# How to write a code for finding a definite integral for ( 1/x(t).^2 ) please?

6 views (last 30 days)
Avan Al-Saffar on 13 Nov 2014
Commented: Roger Stafford on 13 Nov 2014
My system is :
dx/dt = 2*x
1- I solved numerically using ode45.
2- Depending on the values that I got from ode45, I want to find this integral :
Integral ( 1/ x(t).^2 ) dt from 0 to 10
This is my code but I do not know if my result is correct or not,, how could I check that please?
function RunAvan
x0=0.1;
tspan=[0:0.1:10];
A=1;
[t,x]=ode45(@Avan,tspan,x0);
figure(1)
plot(t,x)
f = @(x) (A./x.^2)
% I5=integral(f,1,101,'ArrayValued',true)

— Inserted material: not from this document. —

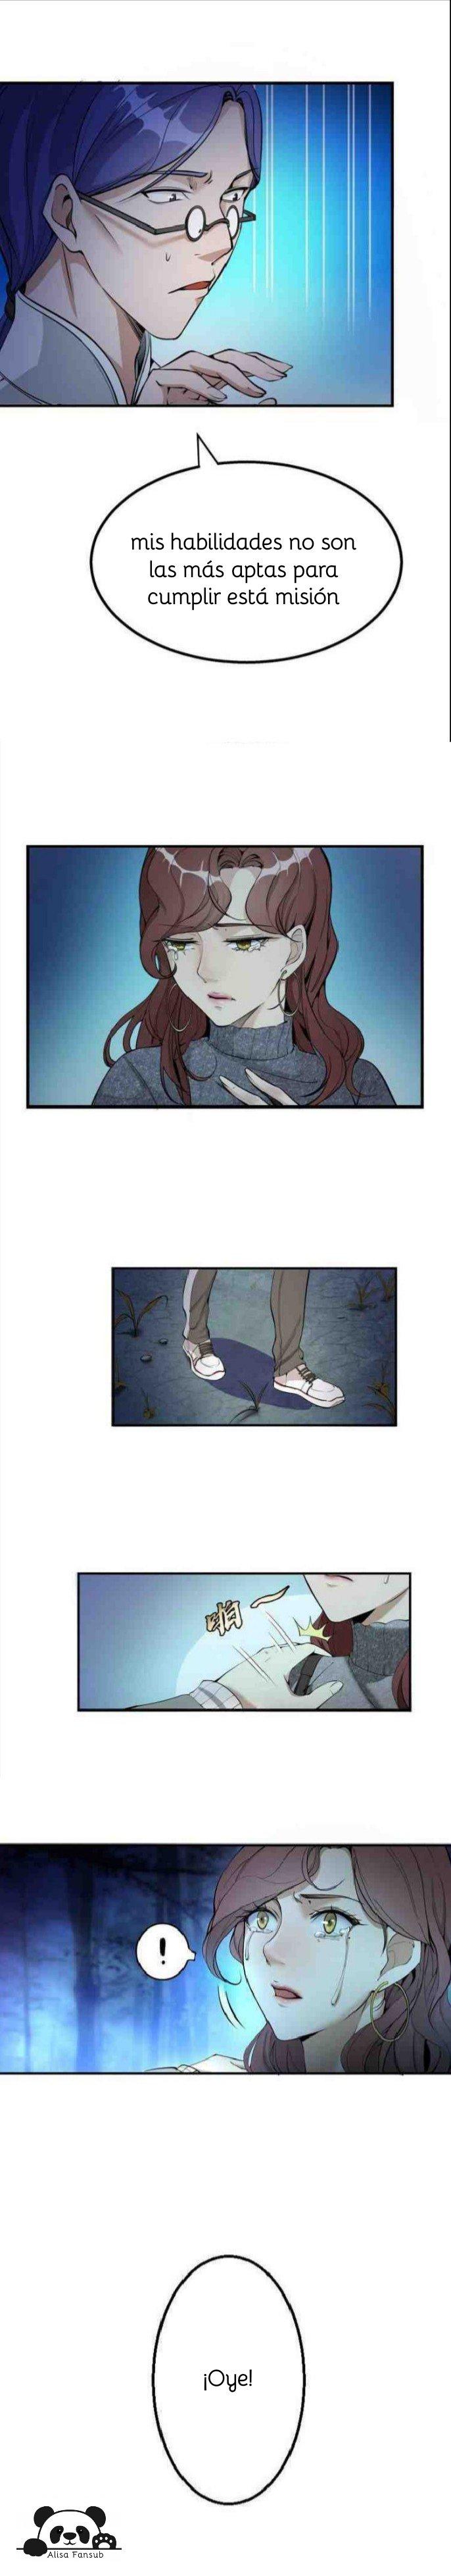 https://nine.mangadogs.com/es_manga/pic9/49/37681/970955/22c5a901070d1c2ad33e821d071ae97e.jpg Page 8

Q=[Q1./20 Q2./40 Q3./60 Q4./80 Q5./101]
B=[20 40 60 80 101]
figure(2)
plot(B,Q)
X = @(T) interp1(t,x,T);
f1 = @(T) (A./X(T).^2)
J1=integral(f1,0,2,'ArrayValued',true)
J2=integral(f1,0,4,'ArrayValued',true)
J3=integral(f1,0,6,'ArrayValued',true)
J4=integral(f1,0,8,'ArrayValued',true)
J5=integral(f1,0,10,'ArrayValued',true)
J=[J1./2 J2./4 J3./6 J4./8 J5./10]
R=[2 4 6 8 10]
figure(4)
plot(R,J)
1;
Note : The first time I integrated with respect to x and the second time with respect to t.
Torsten on 13 Nov 2014
Are the functions involved only test functions ?
Or why do you use ode45, quad and integral instead of the analytical solutions in all cases ?
Best wishes
Torsten.

Roger Stafford on 13 Nov 2014
You can check it by comparing its results with the exact mathematical solution to your differential equation. The solution to dx/dt = 2*x is
x = K*exp(2*t)
where K can be determined by the initial condition. In your case that would be K = 0.1 . Taking the integral of 1/x^2 from 0 to u would give you
int(1/(K*exp(2*t))^2,'t',0,u) =
1/K^2*int(exp(-4*t),'t',0,u) =
100*(-exp(-4*u)/4+exp(-4*0)/4) =
25*(1-exp(-4*u))
where u is whatever upper limit you wish to use. Note that for the larger values of u your answer will be very close to 25.
Roger Stafford on 13 Nov 2014
My use of 'int' was meant only in place of the integral symbol and not to be used with matlab. For example
int(1/(K*exp(2*t))^2,'t',0,u)
meant only the integral of (K*exp(2*t))^2 with respect to t from t = 0 to t = u.